Les malheureux sont là à genoux, accroupis, écrasés par cette masse énorme. « Mais, dites-vous, je ne peux pas jouer sur un piano à cinq Turcs ! » On croit alors que vous hésitez parce que l’instrument n’est pas d’aplomb. On prend un coussin, on le met sous les genoux du plus petit des Turcs ; quand le piano est ainsi calé, on vous propose de jouer, on n’imagine pas qu’un sentiment d’humanité vous arrête. Vous êtes obligé d’expliquer cette délicatesse de la civilisation, et cela est très-long.
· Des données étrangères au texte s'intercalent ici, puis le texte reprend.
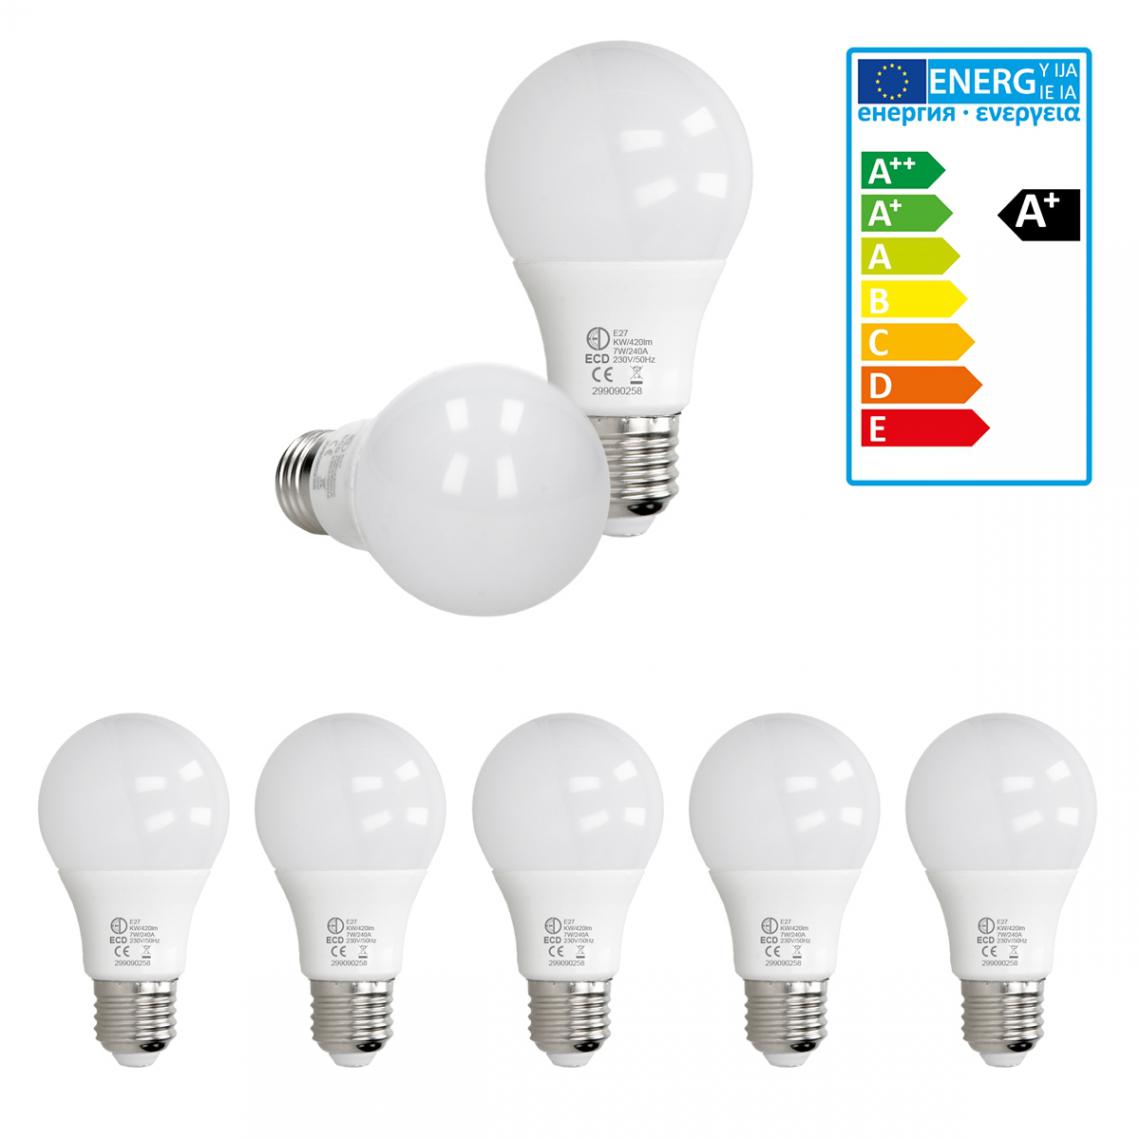 Ecd Germany - ECD Germany 5 pièces 7W E27 ampoule LED | 6000 Kelvin | Angle de faisceau 270 ° | 420 lumens | Blanc froid | 220-240 v | EEK A + | Ampoule d'éclairage - Ampoules LED

Enfin on remet à votre piano ses pieds véritables. Le sultan paraît ; après toutes sortes de salamalecs, on vous ordonne de jouer… Vous demandez une chaise… pas de chaise… On ne s’assoit jamais devant Sa Hautesse… « Eh ! dites-vous, on ne peut pas jouer du piano sans être assis. » Enfin le sultan a pitié de vos angoisses et vous fait donner un siège… Vous jouez, et il vous écoute… et il vous admire… Il est connaisseur, il est élève du frère de Donizetti, établi à Constantinople et maître de la musique du sultan. Le Grand Turc qui joue du piano !… Après cela, que peut-on dire ?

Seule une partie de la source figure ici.